Read original requirements when available to contextualize decisions.
### Step 2: Review Security
Against `lex-aws-security`:
- [ ] IAM roles with least privilege? No `*:*` or broad managed policies?
- [ ] Public access blocked on S3, RDS, ElastiCache?
- [ ] Encryption at rest enabled on S3/RDS/EBS/DynamoDB?
- [ ] Encryption in transit (TLS 1.2+) on ALB/API Gateway?
- [ ] Secrets via Secrets Manager/Parameter Store? No hardcoded?
- [ ] Multi-region CloudTrail enabled?
- [ ] Security Groups without `0.0.0.0/0` on administrative ports?

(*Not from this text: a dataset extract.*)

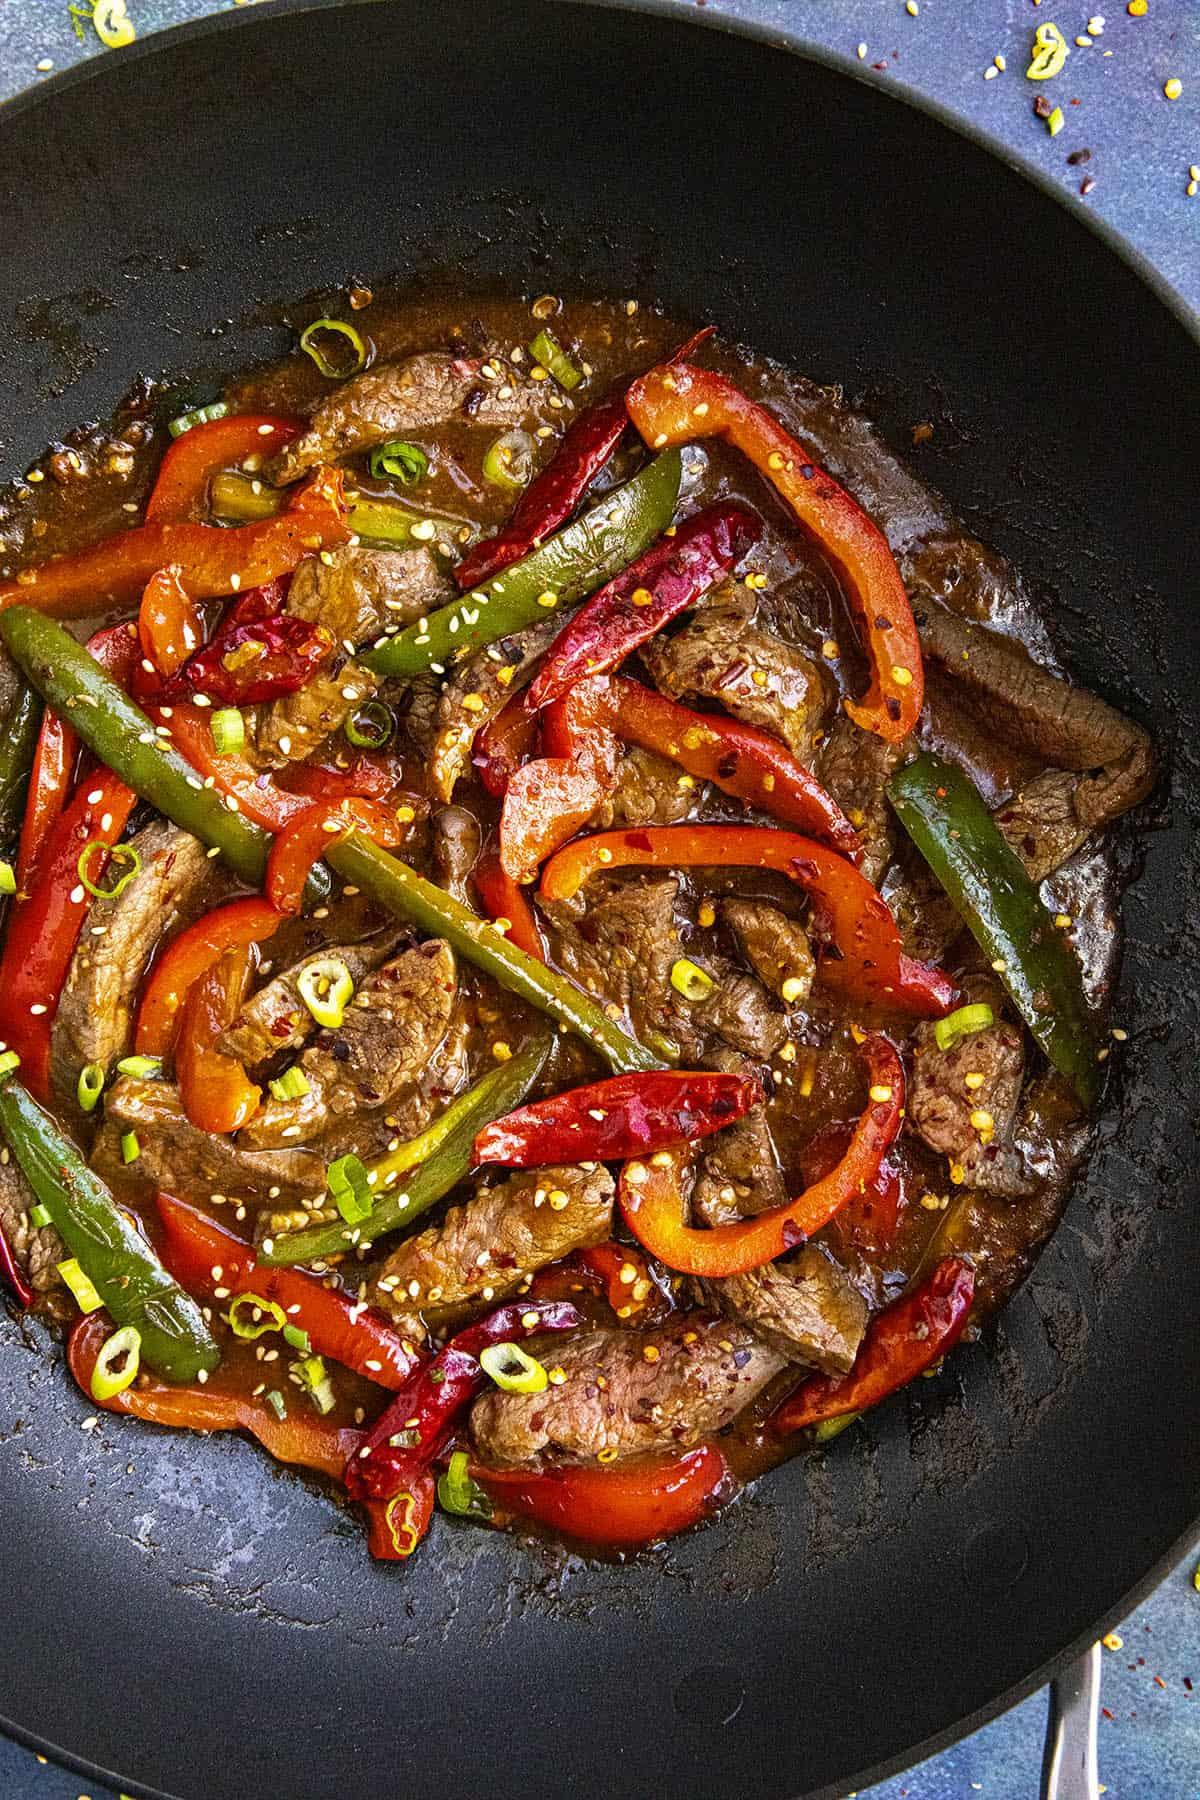 Szechuan Beef in a pan

- [ ] KMS CMKs instead of AWS-managed where appropriate?
- [ ] Run `tfsec` / `cdk-nag` and capture findings
Severity example: public S3 without justification → **critical**; CloudTrail absence → **high**; AWS-managed KMS instead of CMK → **medium**.
### Step 3: Review IaC
Against `lex-aws-iac`:
- [ ] Everything as code (no manual console creation)?
- [ ] Remote state with locking? Never in Git?
- [ ] Separate environments (distinct workspaces/stacks)?
- [ ] Standardized tagging applied?
- [ ] Versioned modules (no `ref=main`)?
- [ ] Critical resources with `prevent_destroy` / `deletion_protection`?
- [ ] Secrets outside versioned IaC files?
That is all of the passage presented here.